Question

area of triangle ABC,a=√2,b=√3,c=√6+√2/2​

Answer 1

Given :- a = √2, b = √3 , c = (√6 + √2)/2 .

To Find :-

• Area of ∆ABC = ?

Solution :-

we know that,

→ cos θ = (a² + b² - c²)/2ab

so,

→ cos B = (a² + c² - b²)/2ac

putting given values we get,

→ cos B = [(√2)² + (√6 + √2/2)² - (√3)²] / 2 * √2 * (√6 + √2)/2

→ cos B = [2 + {(8 + 2√12)/4} - 3] / (√12 + 2)
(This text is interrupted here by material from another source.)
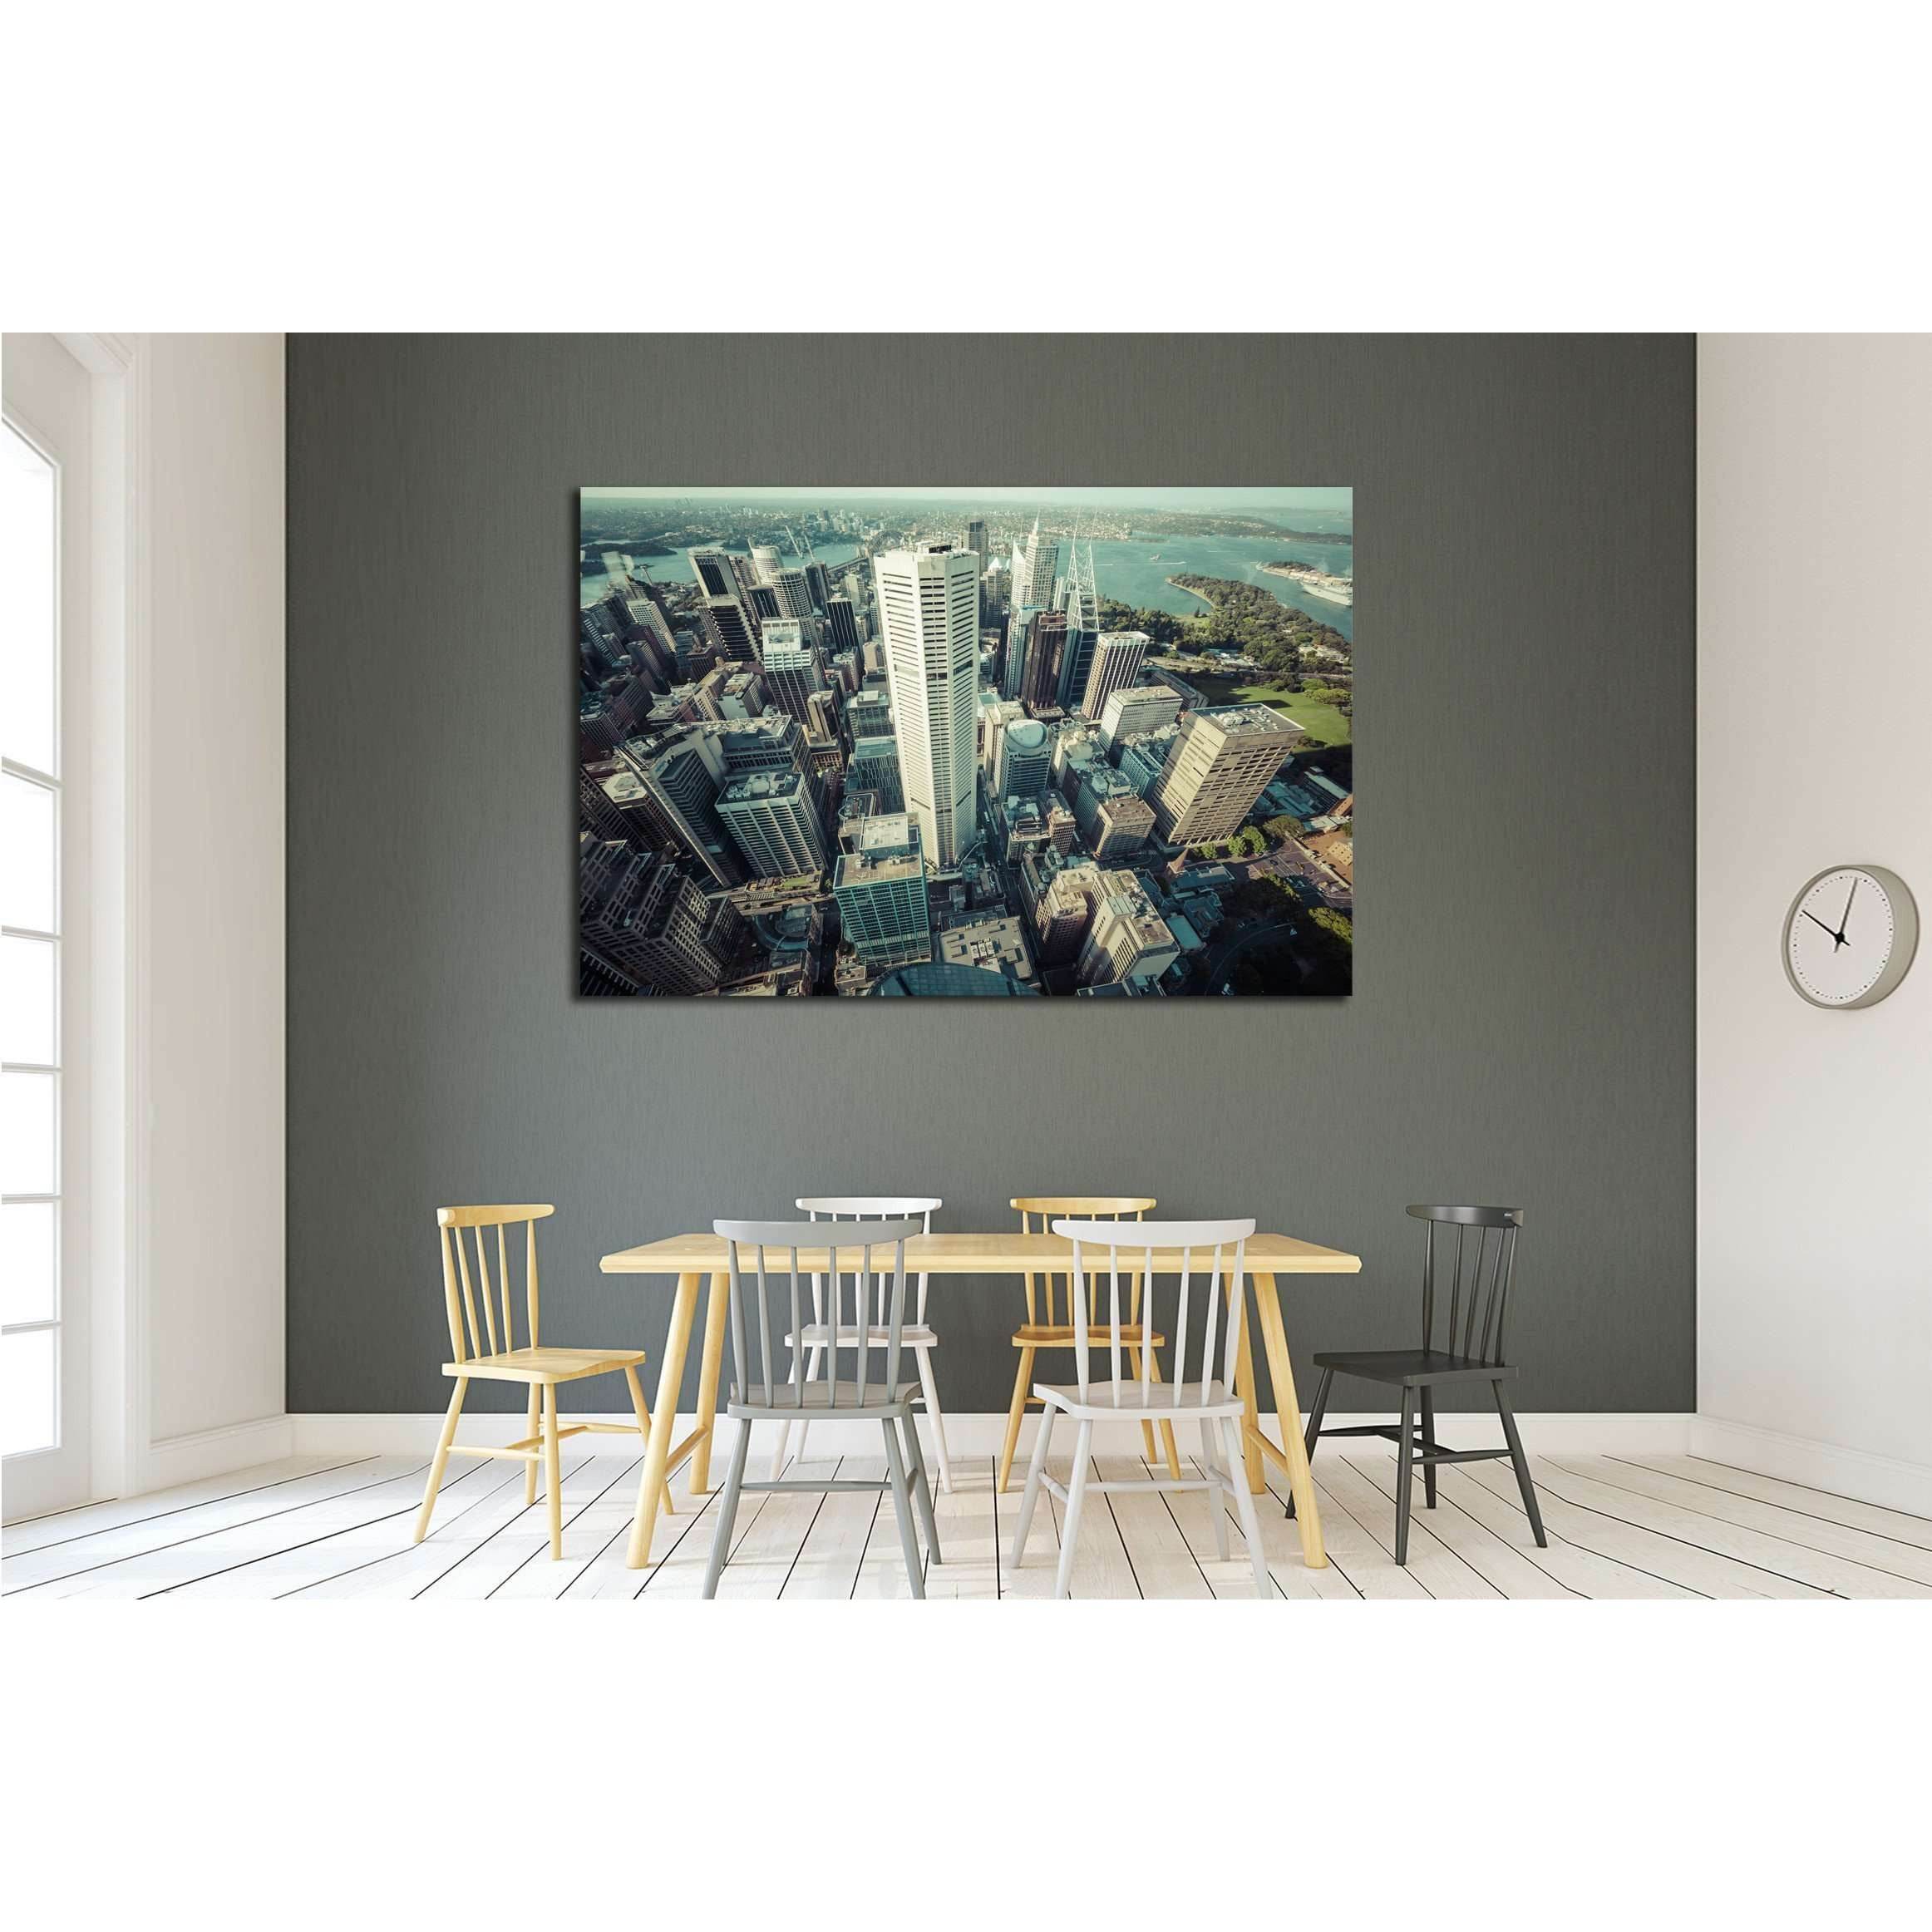 AUSTRALIA, Skyline of Sydney with city central business district №2185 Ready to Hang Canvas Print

→ cos B = (2 + 2 + √3 - 3 ) / (2 + 2√3)

→ cos B = (1+ √3)/2(1 + √3)

→ cos B = (1/2)

→ cos B = cos 60°

→ B = 60°

then,

→ Area ∆ABC = (1/2) * a * c * sin B

→ Area ∆ABC = (1/2) * √2 * {(√6 + √2)/2} * sin 60°

→ Area ∆ABC = √2 * (√6 + √2)/4 * (√3/2)

→ Area ∆ABC = √6(√6 + √2)/8

→ Area ∆ABC = (6 + √12)/8

→ Area ∆ABC = (6 + 2√3)/8

→ Area ∆ABC = (3 + √3)/4 (Ans.)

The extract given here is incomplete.